» PROBLEM STATEMENT:
Repeat the entire listing exactly. Omit all pictures.

» DATA SHOWN:

%%

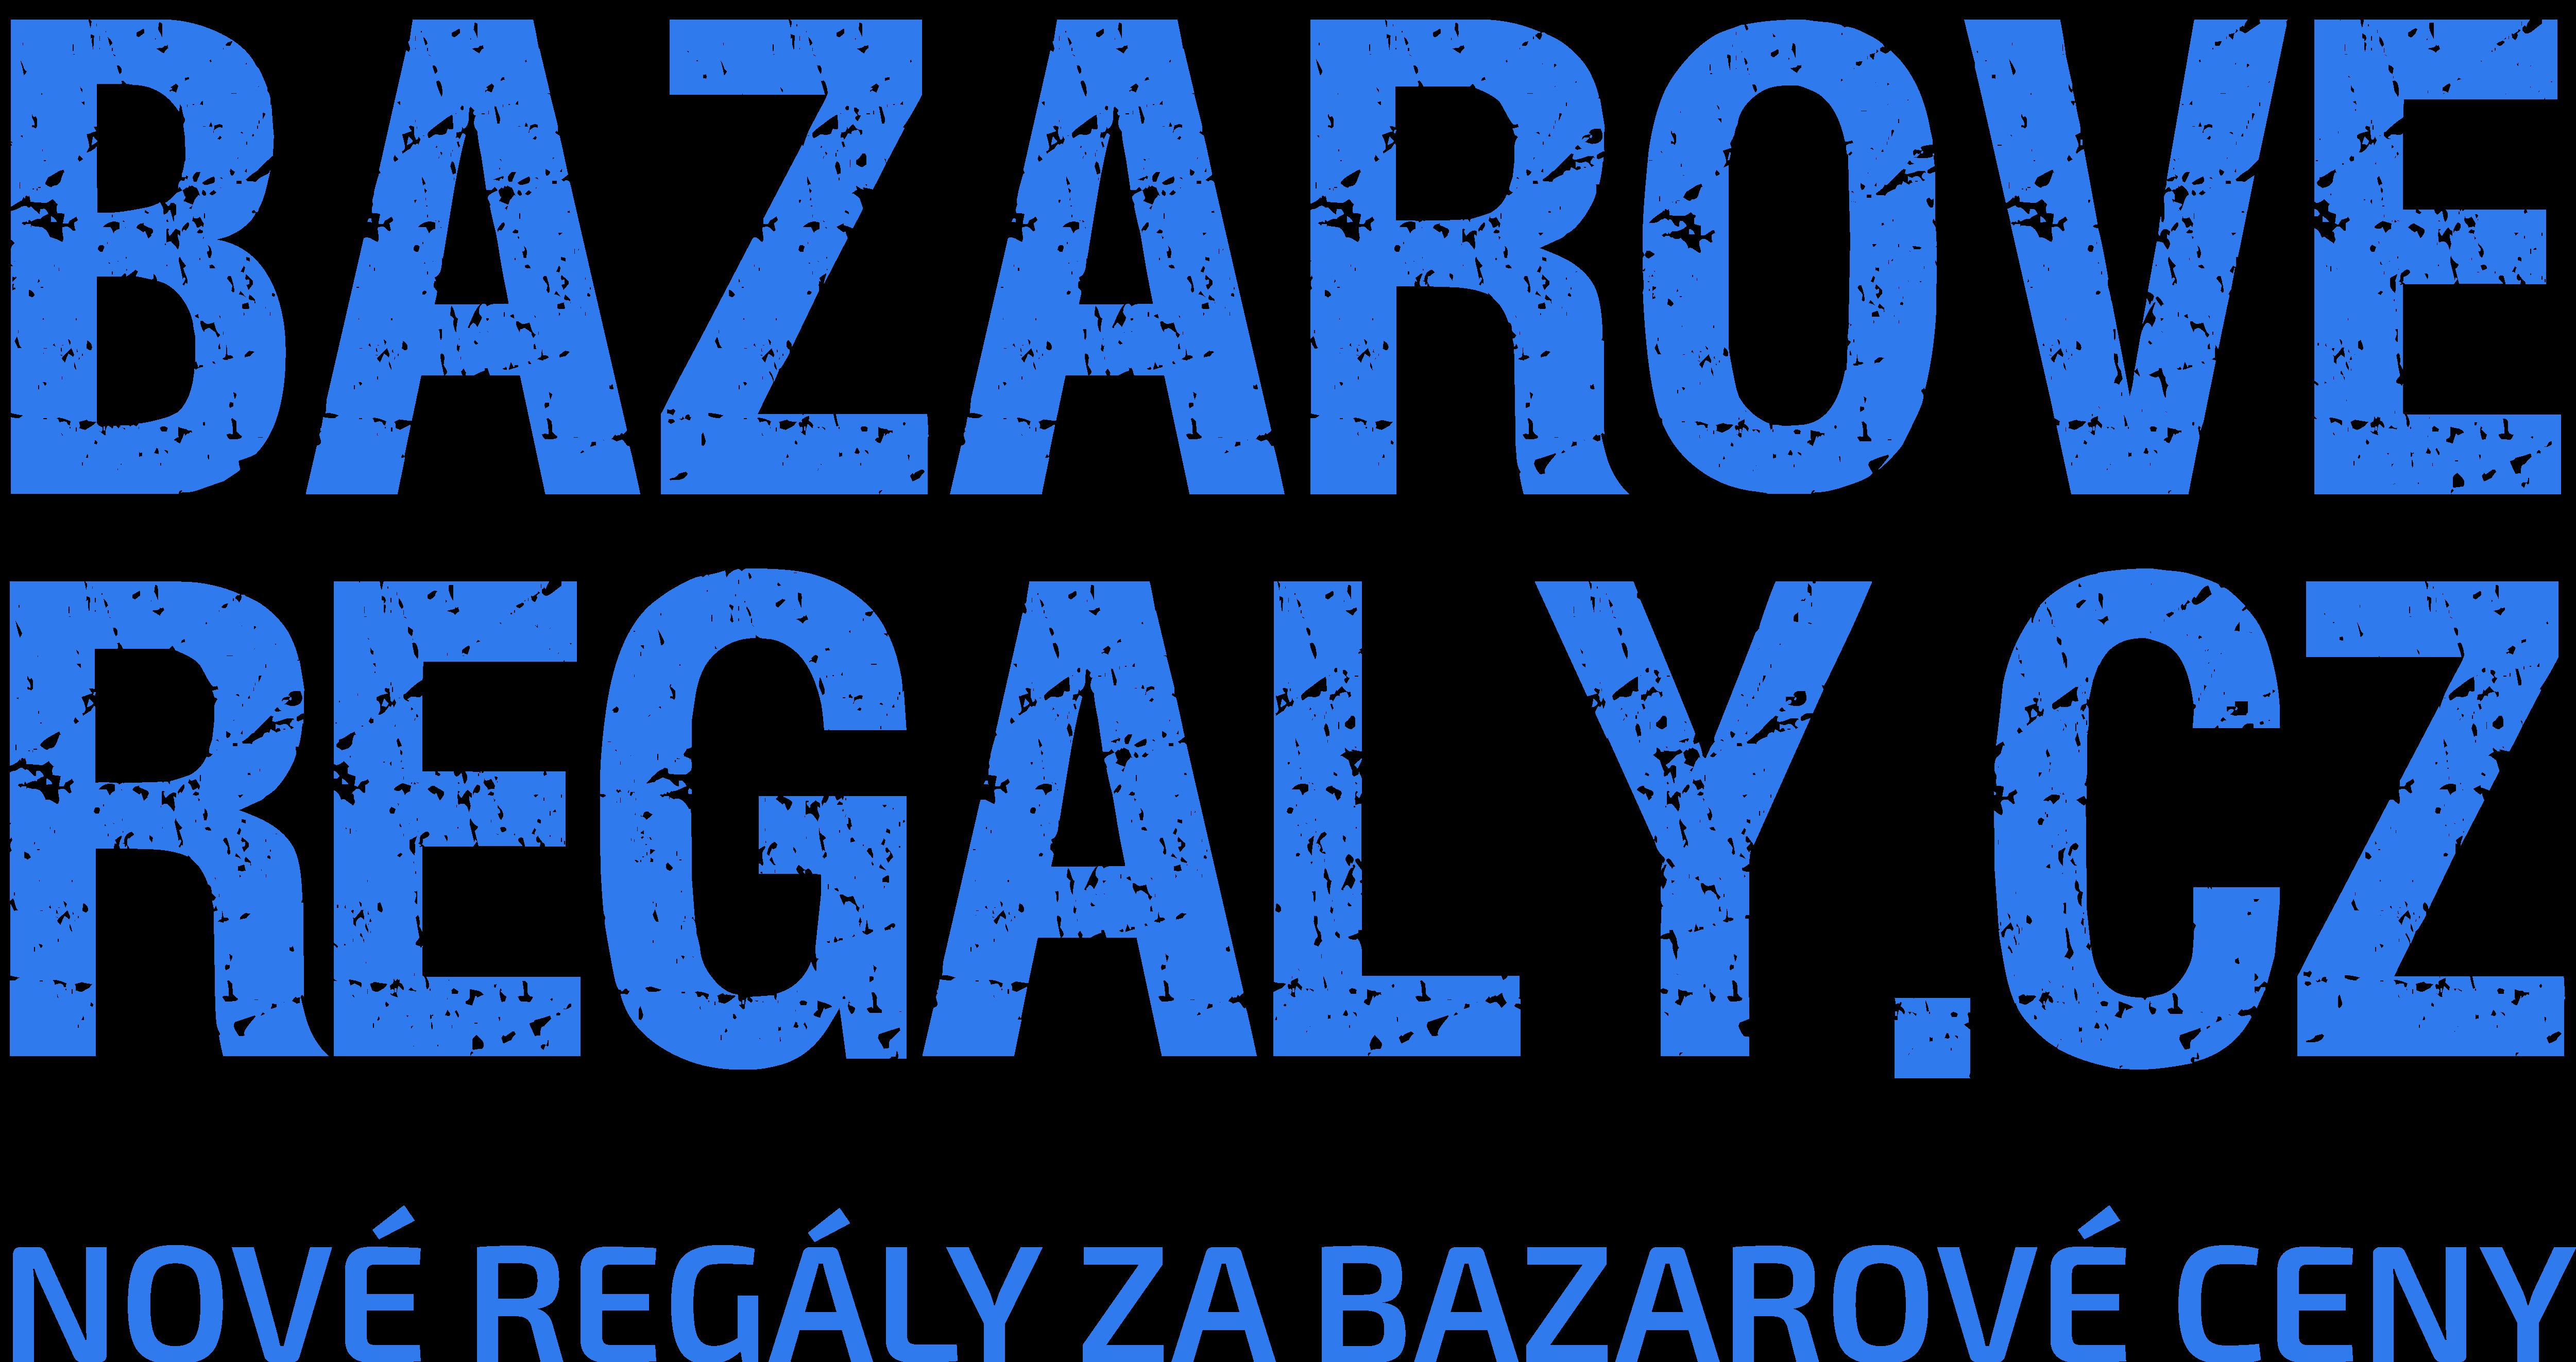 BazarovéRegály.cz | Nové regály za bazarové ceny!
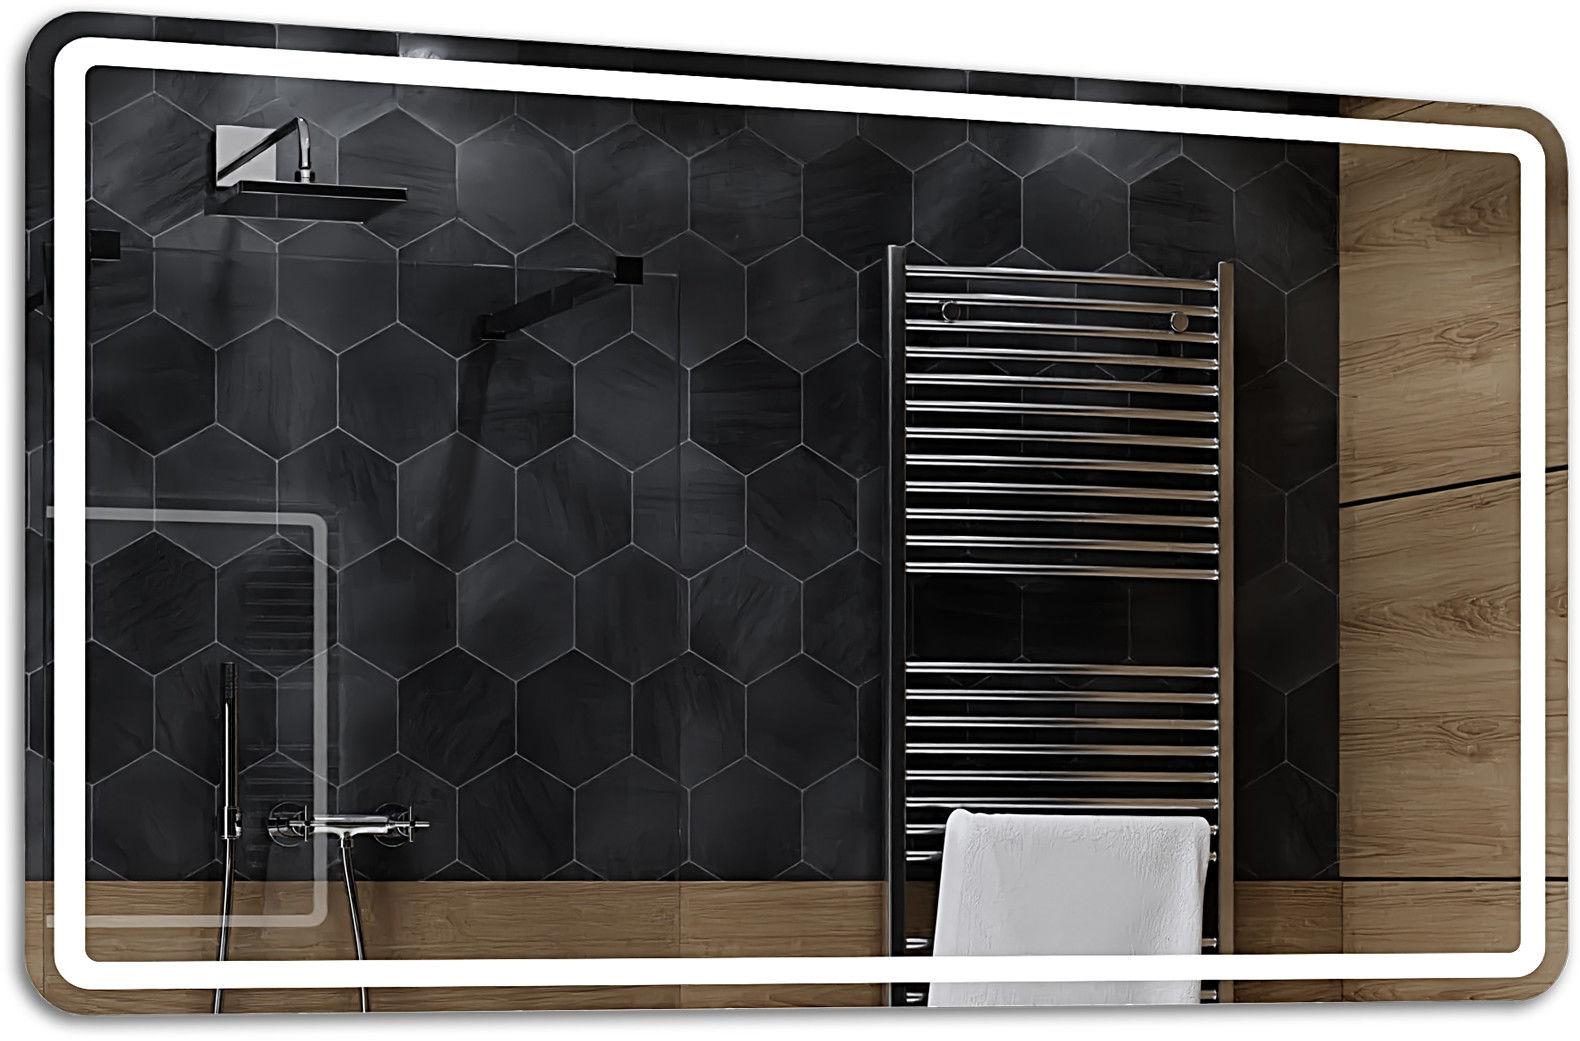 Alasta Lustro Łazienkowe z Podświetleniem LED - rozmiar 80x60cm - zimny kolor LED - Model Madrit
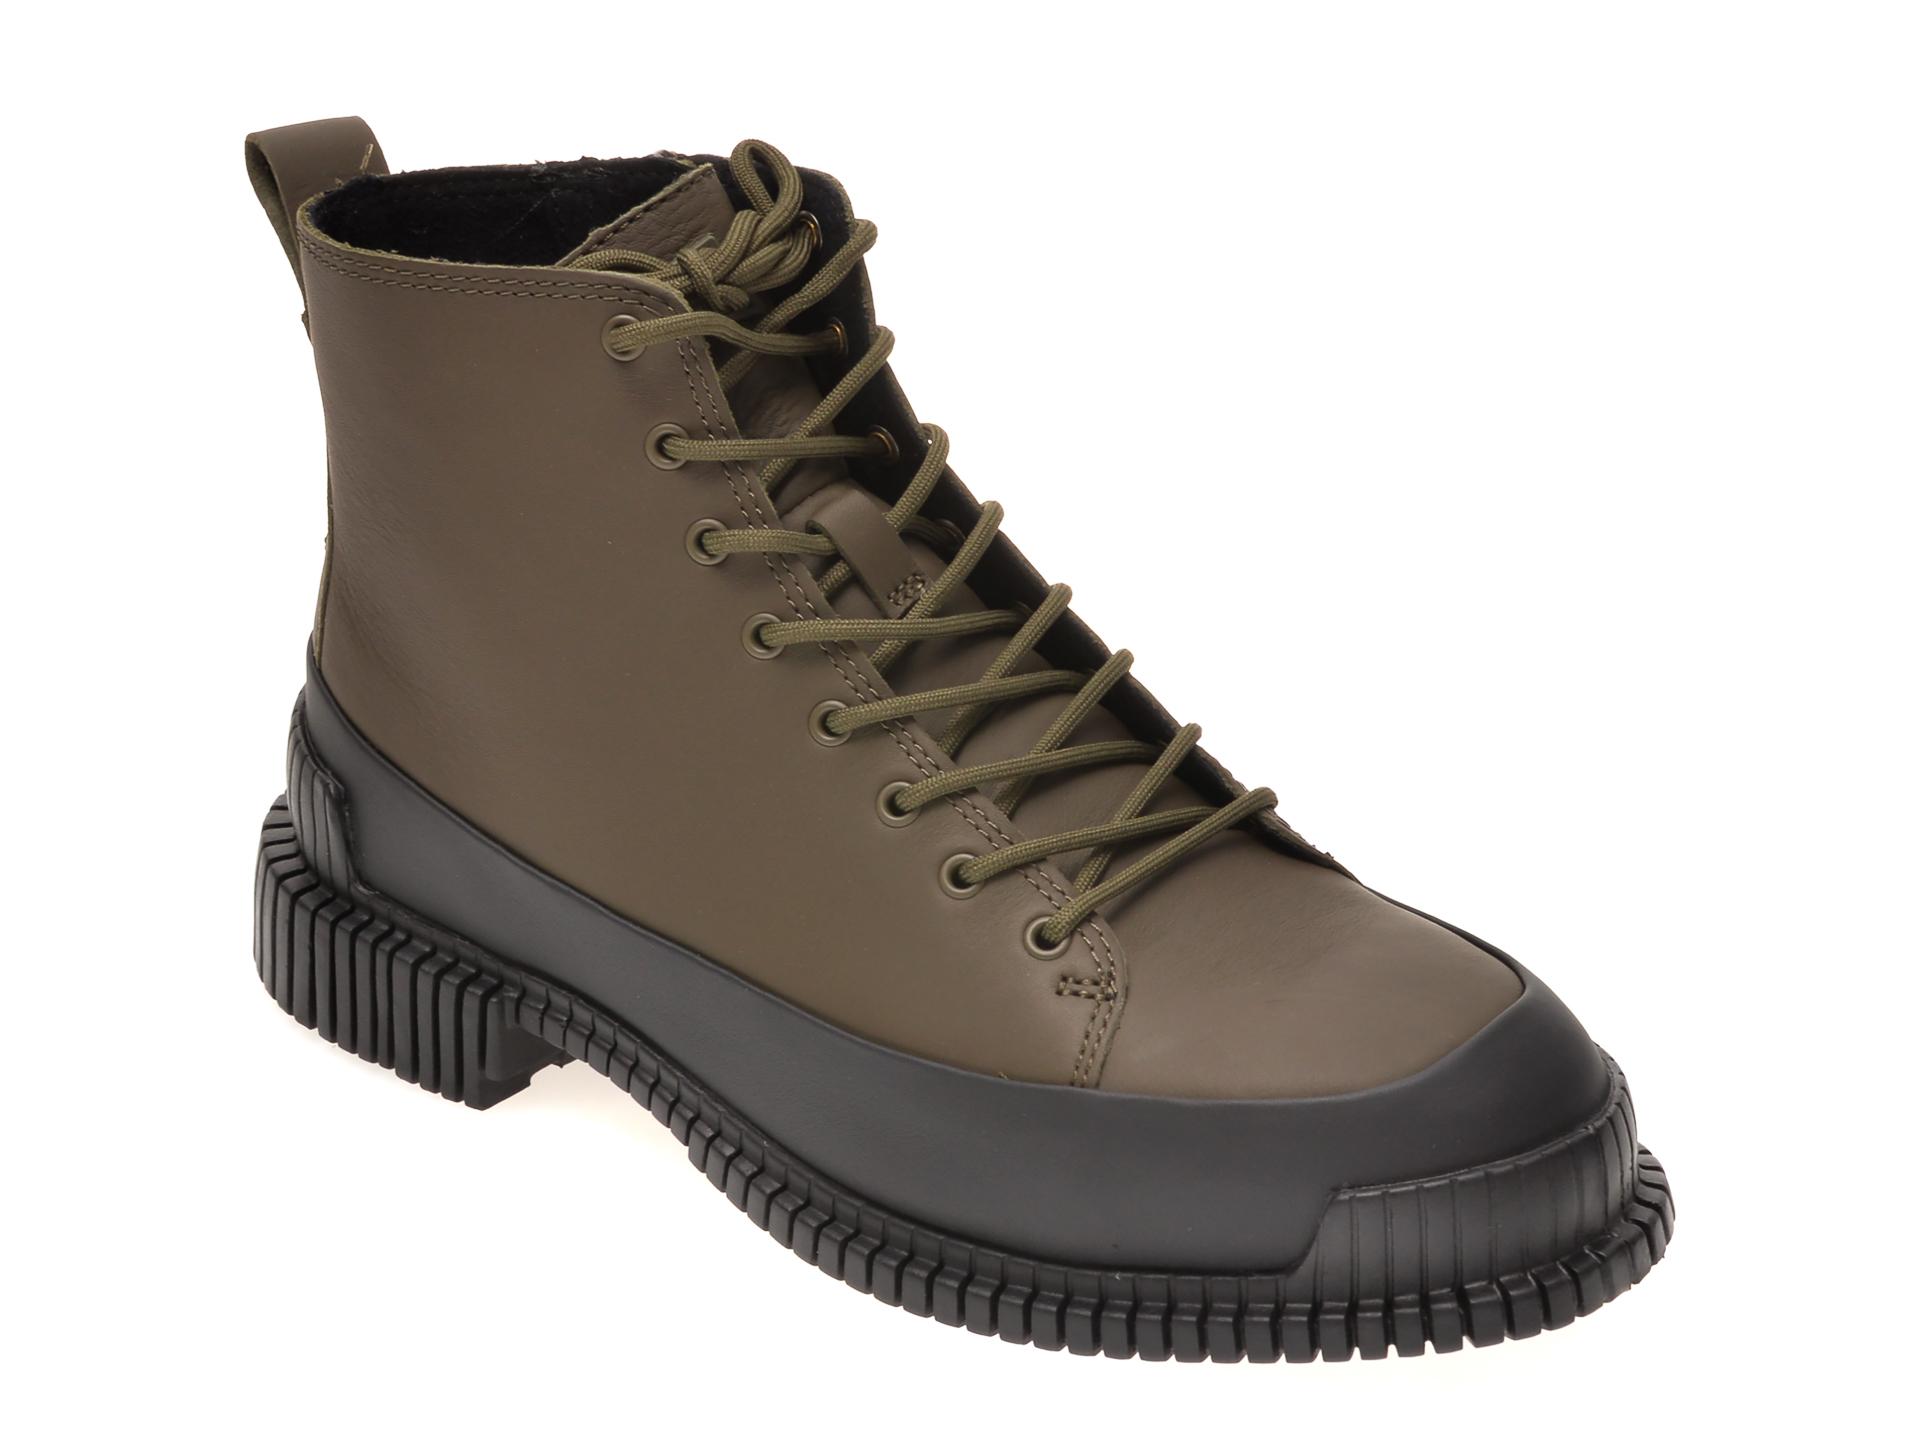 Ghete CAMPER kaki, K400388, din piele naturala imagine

%%

» ANSWER TO THE PROBLEM:
 BazarovéRegály.cz | Nové regály za bazarové ceny!
 Alasta Lustro Łazienkowe z Podświetleniem LED - rozmiar 80x60cm - zimny kolor LED - Model Madrit
 Ghete CAMPER kaki, K400388, din piele naturala imagine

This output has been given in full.